Let’s have a look at the first few iteration results:

knitr::kable(head(ncdf), caption = paste(
  "First few evaluations of NAG consistent implementations, with lr = ", 
  formatC(lr), "mu = ", formatC(mu),
  collapse = " "))
First few evaluations of NAG consistent implementations, with lr = 0.001 mu = 0.95
cBengio cSutskever Suts.Mom NAG cmNAG NAG.gd
5.352912 5.352912 24.200000 5.352912 5.352912 5.352912
5.257042 4.117790 5.352912 5.257042 5.257042 4.117790
4.133512 4.118466 5.257042 4.133512 4.133512 4.118466
4.096729 4.097143 4.133512 4.096729 4.096729 4.097143
4.069433 4.082870 4.096729 4.069433 4.069433 4.082870
4.050225 4.066122 4.069433 4.050225 4.050225 4.066122

These are in the same order as the previous table. The Bengio and Sutskever formulations don’t match, as expected. But the Sutskever momentum result in the third column does match the Bengio results from the previous iteration. So relative performance between Sutskever and Bengio has been maintained. But in addition, the NAG result in the fourth column matches the Bengio and Sutskever momentum results. The momentum NAG result has also been correctly updated. Finally, as an extra check, the NAG gradient desent result is shown in the final column, which also matches up with the Sutskever results.

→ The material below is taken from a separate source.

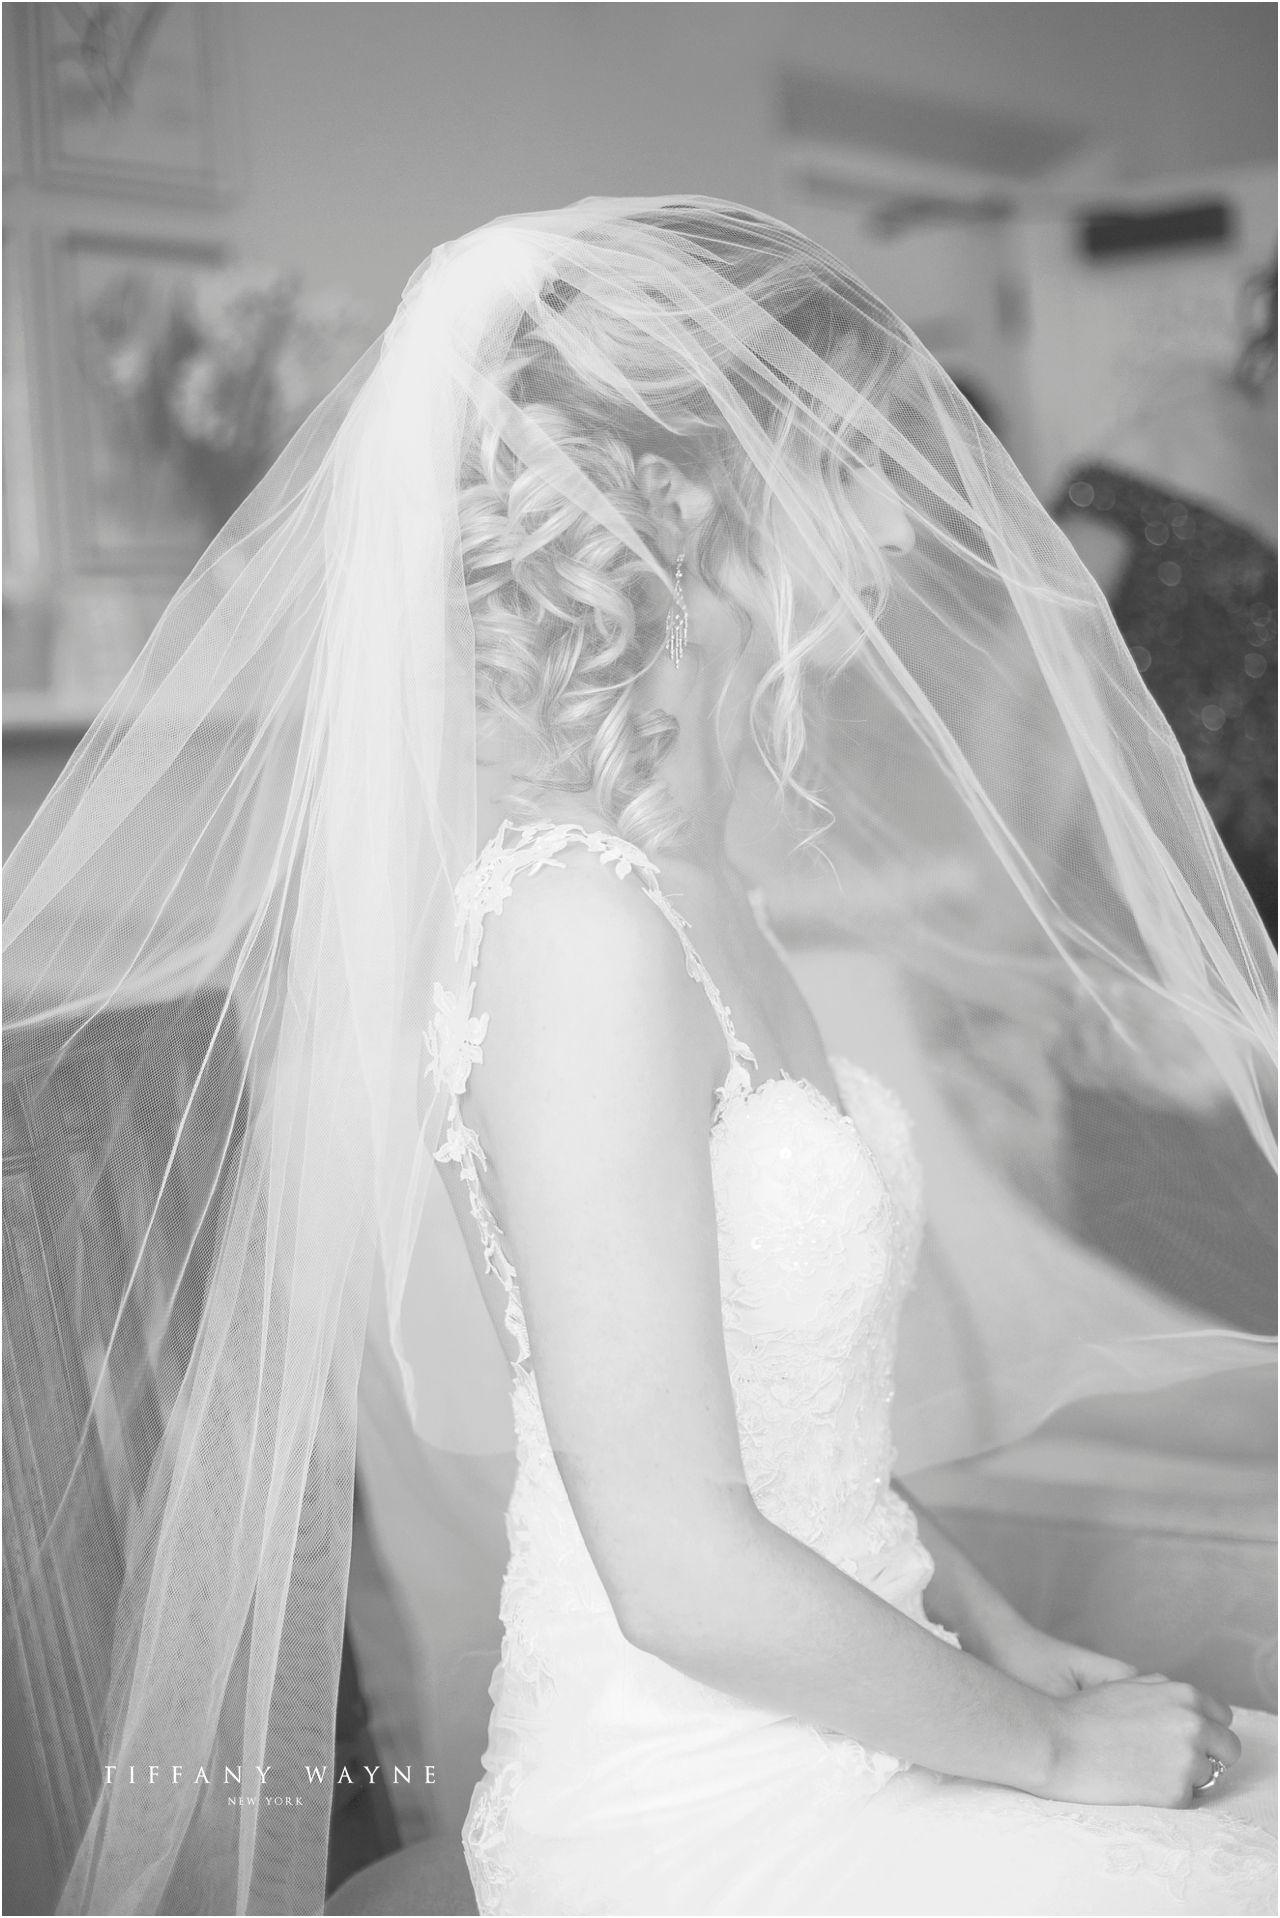 Wedding veil photography wedding veil bridal portraits wedding

And let’s take a look at the final few iterations, just to make sure everything still holds up:

knitr::kable(tail(ncdf), caption = paste(
  "Last few evaluations of NAG consistent implementations, with lr = ", 
  formatC(lr), "mu = ", formatC(mu),
  collapse = " "))
Last few evaluations of NAG consistent implementations, with lr = 0.001 mu = 0.95
cBengio cSutskever Suts.Mom NAG cmNAG NAG.gd
95 0.0590959 0.0631888 0.0632715 0.0590959 0.0590959 0.0631888
96 0.0552234 0.0590202 0.0590959 0.0552234 0.0552234 0.0590202
97 0.0516306 0.0551542 0.0552234 0.0516306 0.0516306 0.0551542
98 0.0482955 0.0515670 0.0516306 0.0482955 0.0482955 0.0515670
99 0.0451983 0.0482371 0.0482955 0.0451983 0.0451983 0.0482371
100 0.0423208 0.0451446 0.0451983 0.0423208 0.0423208 0.0451446

That’s a relief.

Conclusions

Yes, NAG can be thought of as being like classical momentum but where you do the momentum step first and then the gradient step. But there’s more to it than that.

Both classical momentum and NAG use a weighted combination of the current and past gradients to determine the next direction of descent. The difference is in the distribution of weights: NAG places more emphasis on recent gradients. So it might succeed better than classical momentum under conditions where the old gradients quickly become uniformative (regions of high curvature?). Personally, I find this view of NAG through the lens of a weighted history of gradients more appealing than the Sutskever formulation because it leads to interesting ideas like Quasi-Hyperbolic Momentum.

In terms of implementation, I pity anyone tasked with implementing Nesterov momentum and demonstrating that they actually got it right. Imagine naively implementing vanilla NAG, the Sutskever formulation and the Bengio formulation. Using identical test functions, starting points and parameters, their output are all different from each other but they’re all correct!